Are these two events independent (Comey and Mccabe tax returns)? How would we tell?

Question

The NYT reports:

The former F.B.I. director and his deputy, both of whom former President Donald J. Trump wanted prosecuted, were selected for a rare audit program that the tax agency says is random.

The odds of being selected for that audit in any given year are tiny — out of nearly 153 million individual returns filed for 2017, for example, the I.R.S. targeted about 5,000, or roughly one out of 30,600.

I'm trying to understand how we can know if these are independent events -- just in terms of the statistics, without knowing anything more about the case.

If we say independence means: P(XY) - (P(X) + P(Y)) = 0

Then we are saying: the probability of the joint occurrence is equivalent to the linear addition of the individual probabilities.

So is this true?

Let's say the process of selection is not random but is instead corrupt and the two have not yet been selected for tax audit. It's 2017, and the probability of joint occurrence (P(XY)) is high, say 95%.

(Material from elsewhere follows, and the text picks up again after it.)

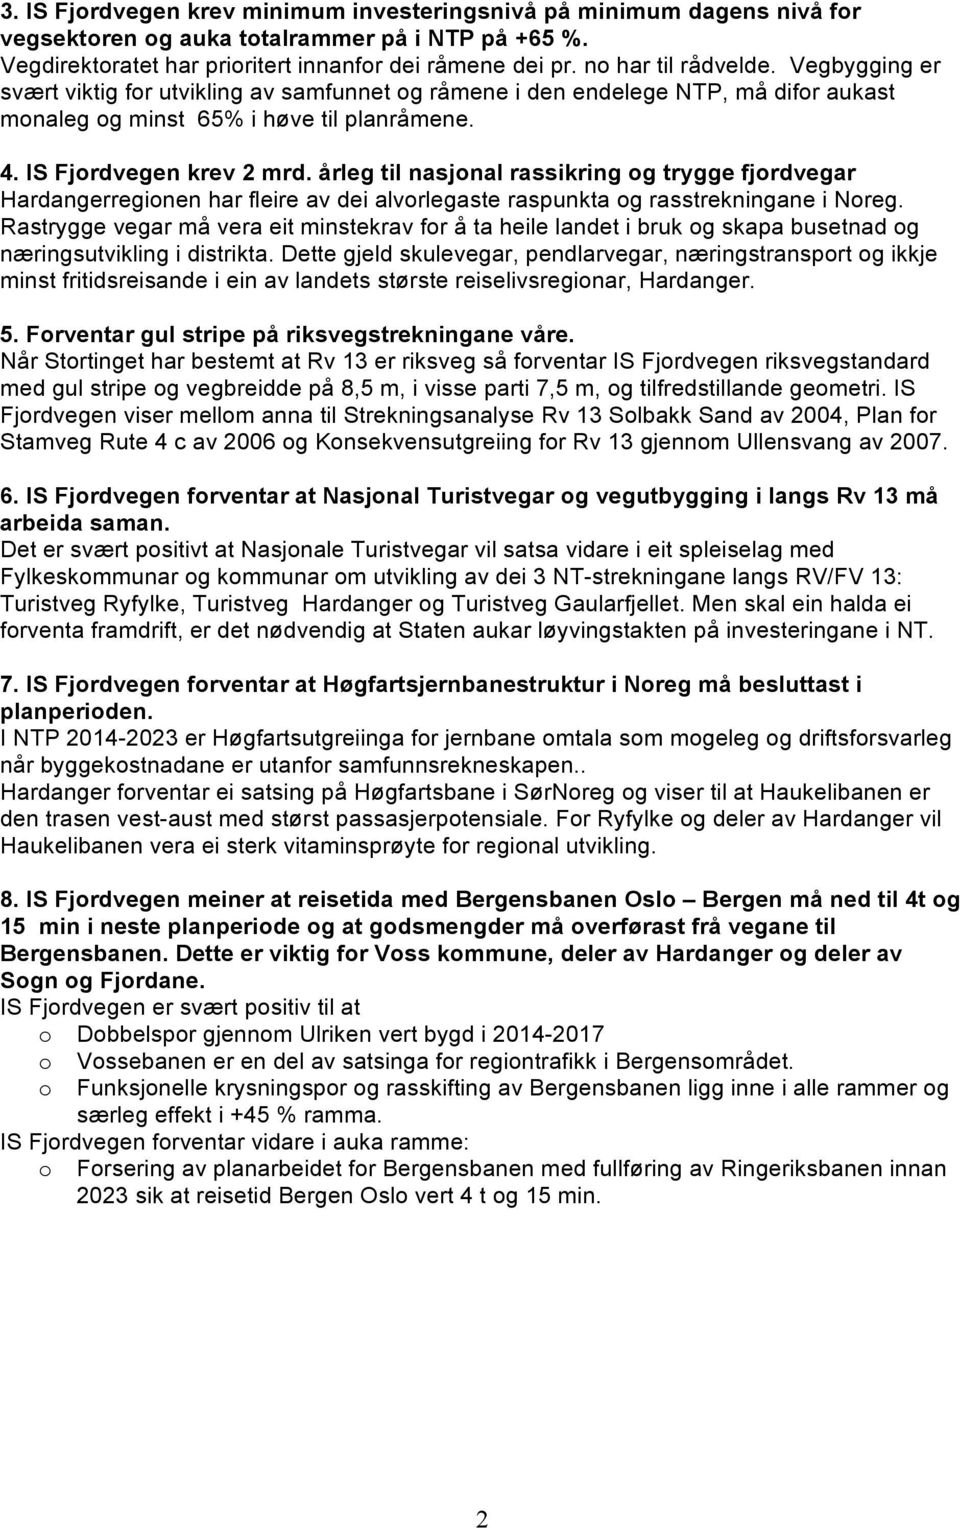 årleg til nasjnal rassikring g trygge fjrdvegar Hardangerreginen har fleire av dei alvrlegaste raspunkta g rasstrekningane i Nreg.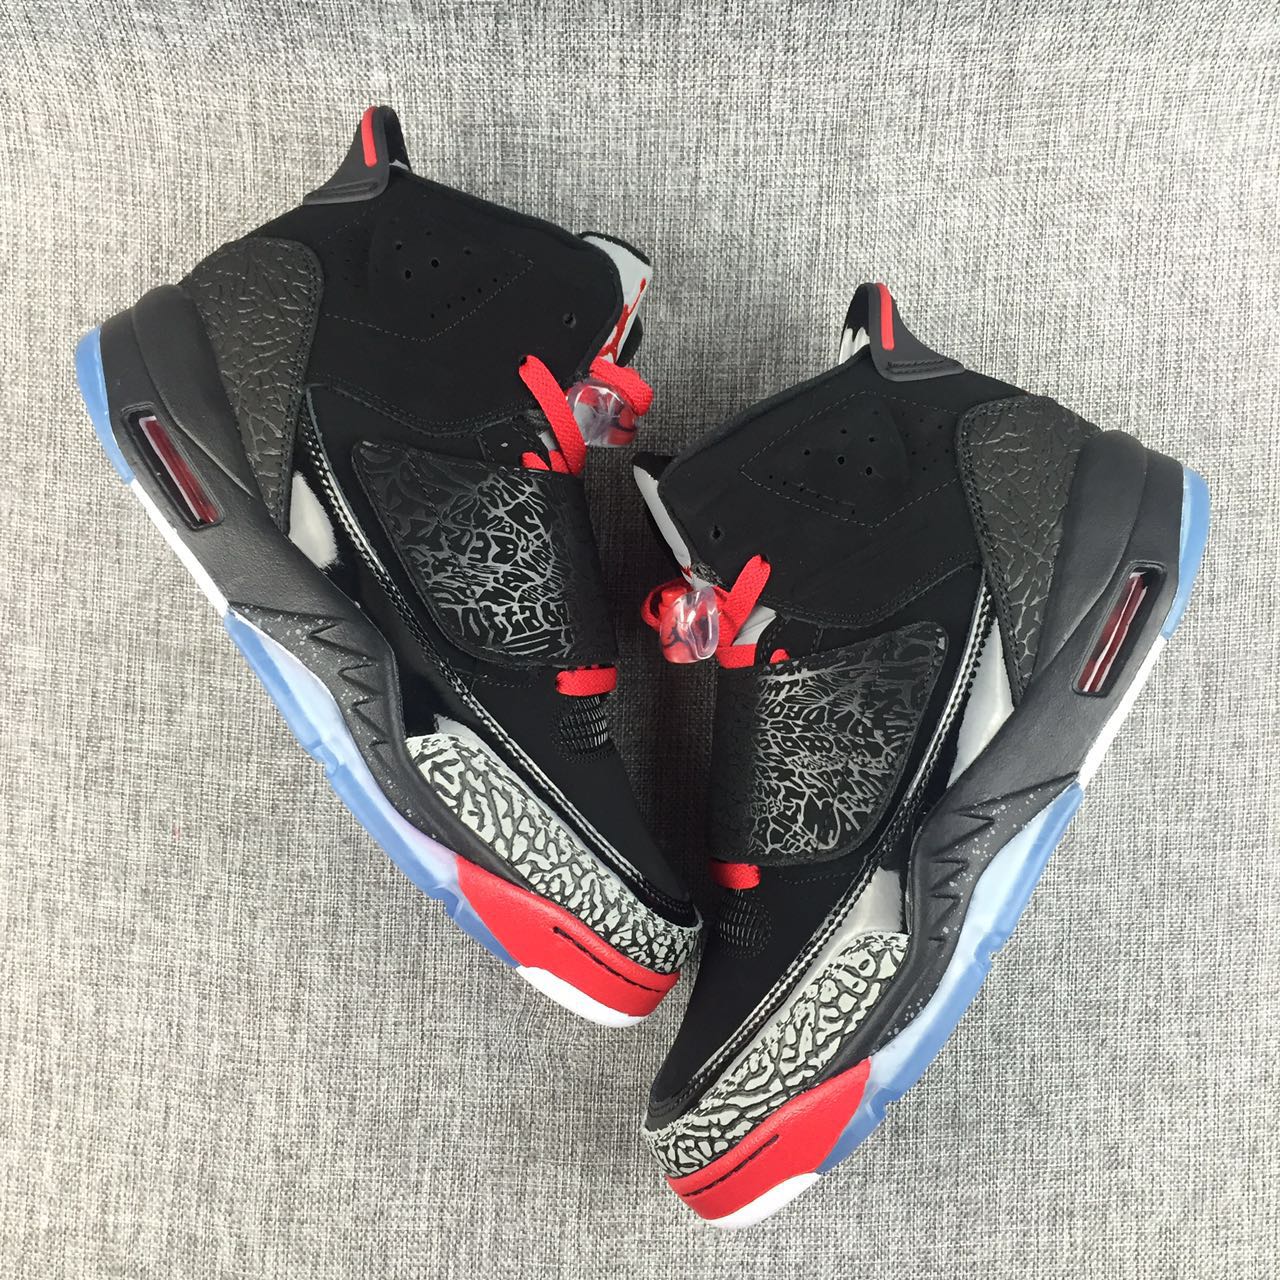 New Air Jordan 5.5 Black Red Shoes

On the face of it, the probabilities do not seem independent. However, maybe they are. We could say that the probability that one gets audited is 1/30,600 (P(X)) and the other is also 1/30,600 (P(Y)).

That implies dependence by our definition, even though this doesn't intuitively make sense to me. Is it correct to think about the joint probabilities this way?

It seems intuitively that once you know that one is selected, the odds the other is selected goes up massively. So there's some dependence.

But should we simply consider the individual probabilities so low -- or should they also be much higher because each person has a high chance of being audited, jointly or not? I'm confused how we rate individual probabilities in this instance and how it connects to independence.

Answer 1

If two events $X$ and $Y$ are independent then $$ P(X \cap Y) = P(X)P(Y), $$ where $X\cap Y$ is the event that both $X$ and $Y$ do happen.

IIUC, you want to know how likely it is to have both being selected for the audit provided the selection is completely random (i.e. in particular independent) and $P(X) = P(Y) = 1/30,600$. According to the above formula, that probability is: $$ P(X\cap Y) = P(X)P(Y) = \frac{1}{30,600}\cdot \frac{1}{30,600} = \frac{1}{936,360,000} \approx 0.000000001. $$

By the way, if the selection of both is independent, then knowing that one is selected will not change the probability that the other one is selected, that is the very meaning of independence.